» WORK TASK:
Exactly reproduce the lines of the listing below from the one containing "AEG 75248 GA1 Freezer User Manual" through the one containing "GrandTheftMinecart is just". Skip the images.

» INPUT RECORDS:
***
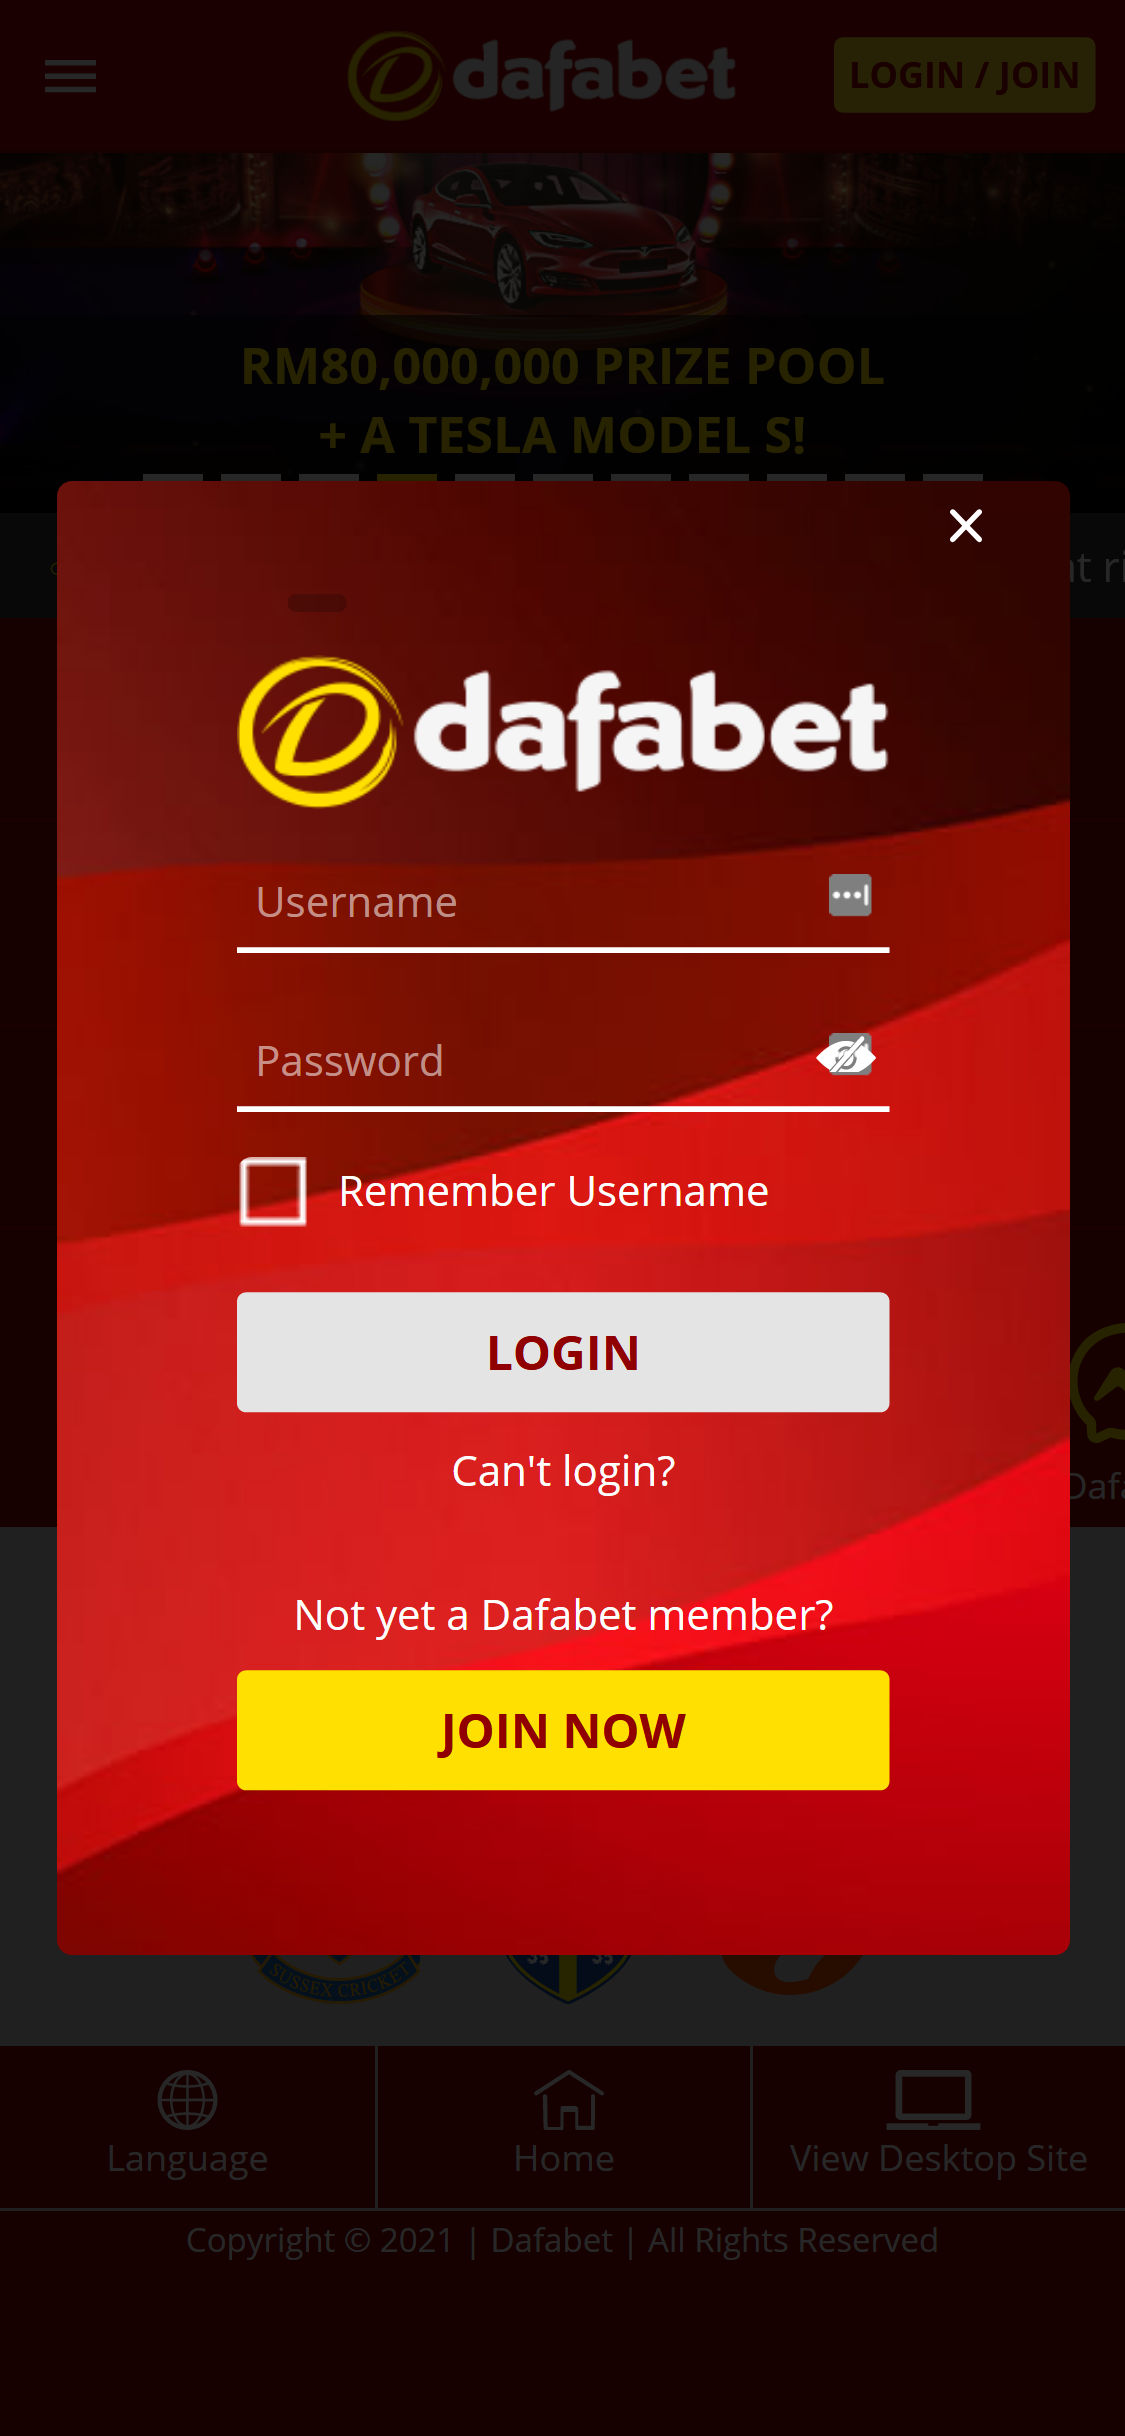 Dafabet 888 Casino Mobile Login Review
***
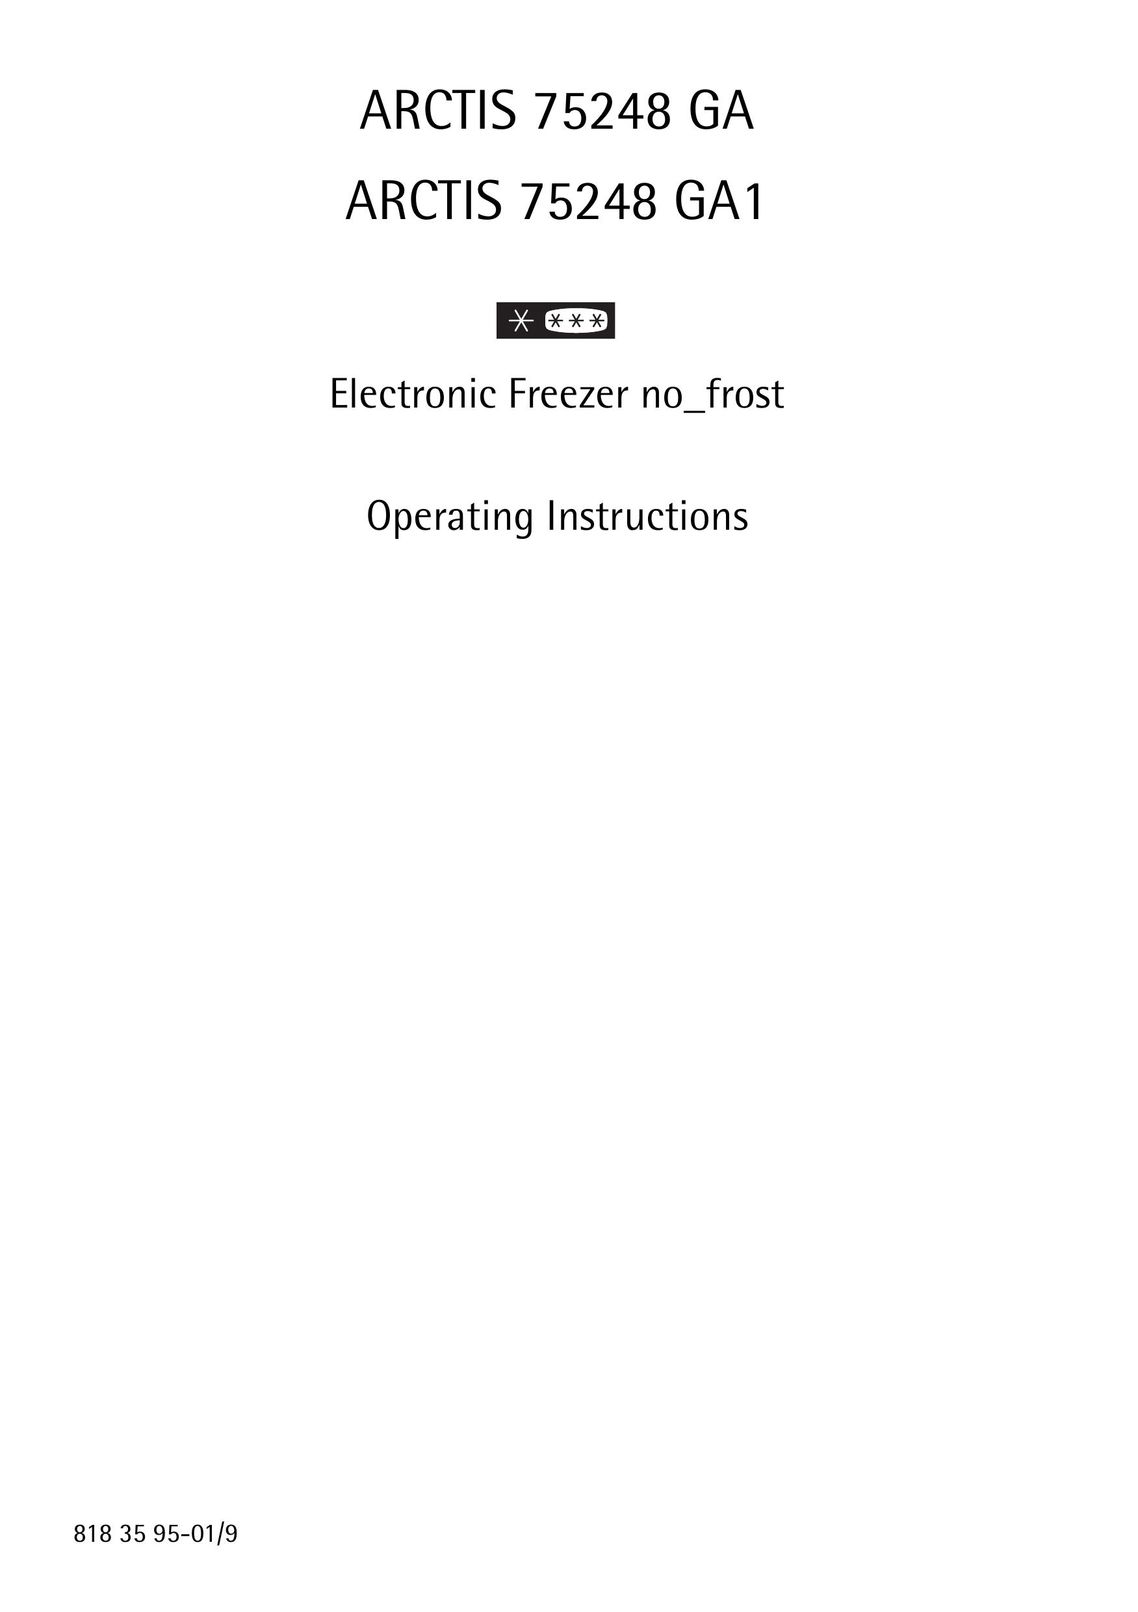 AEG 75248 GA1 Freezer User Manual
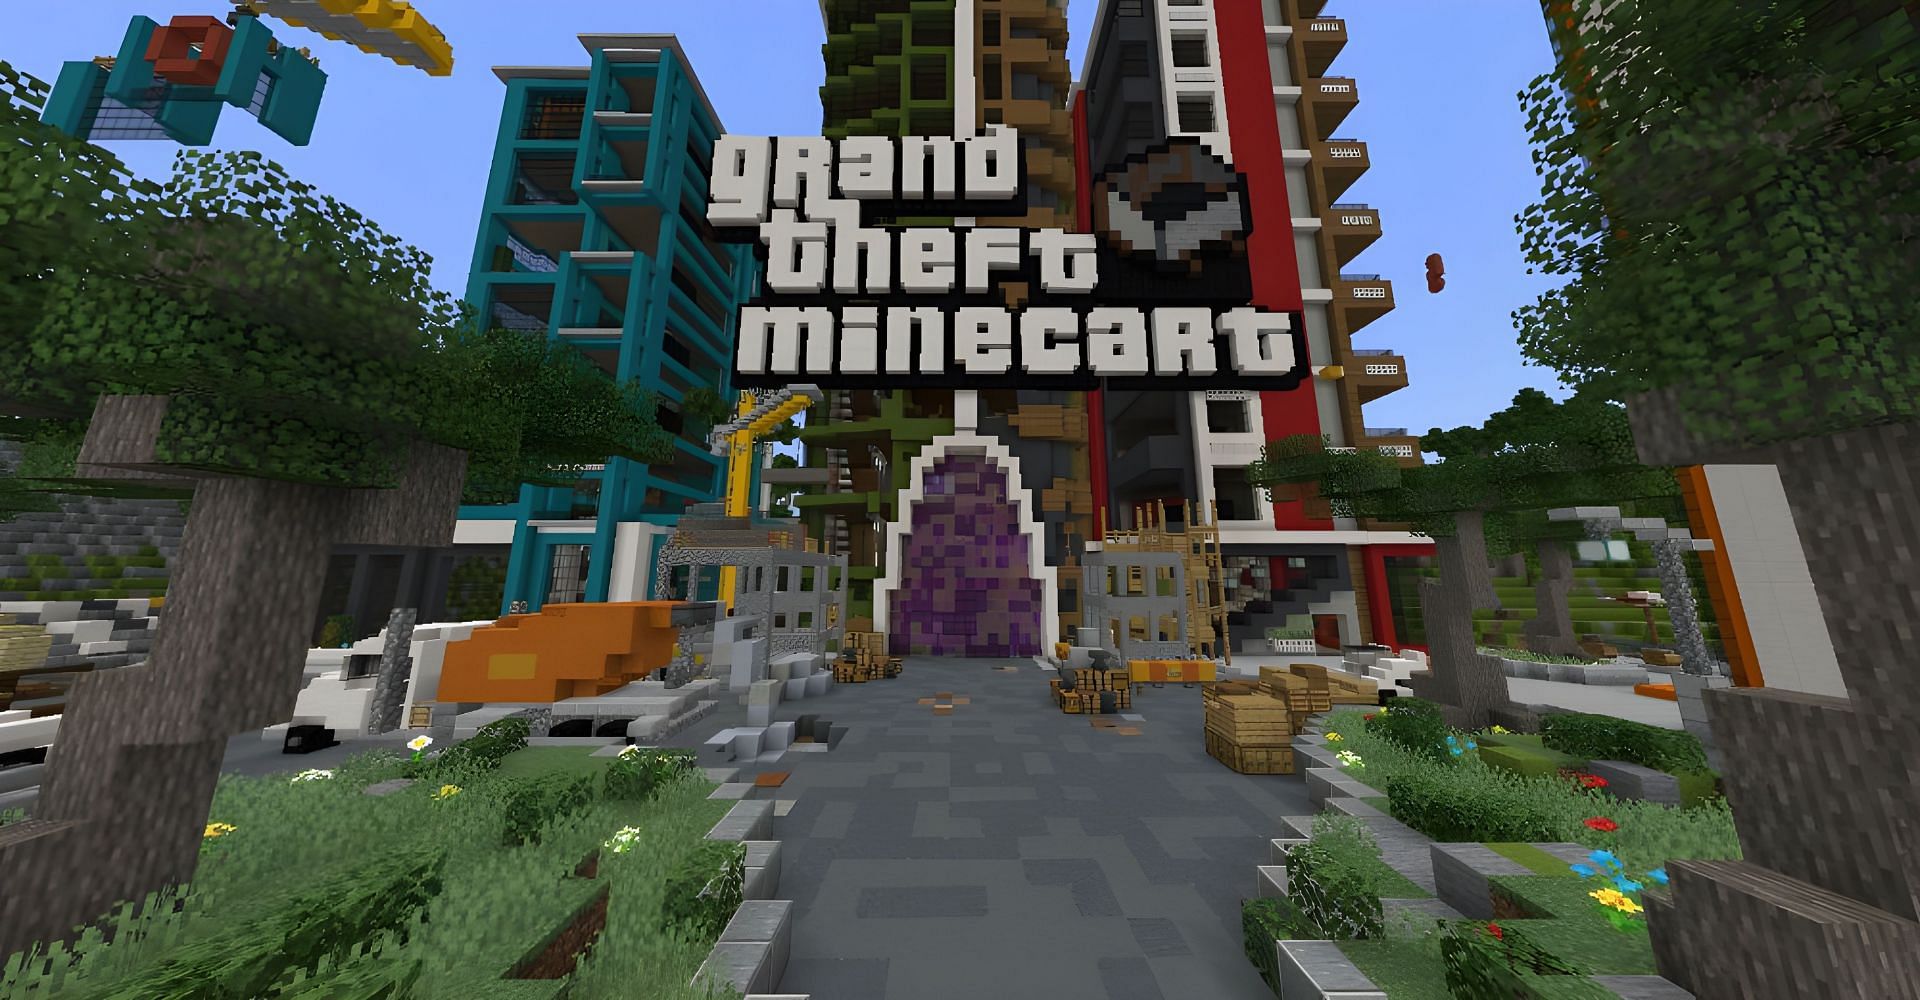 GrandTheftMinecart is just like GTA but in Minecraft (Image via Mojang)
***
» ANSWER TO THIS TASK:
 AEG 75248 GA1 Freezer User Manual
 GrandTheftMinecart is just like GTA but in Minecraft (Image via Mojang)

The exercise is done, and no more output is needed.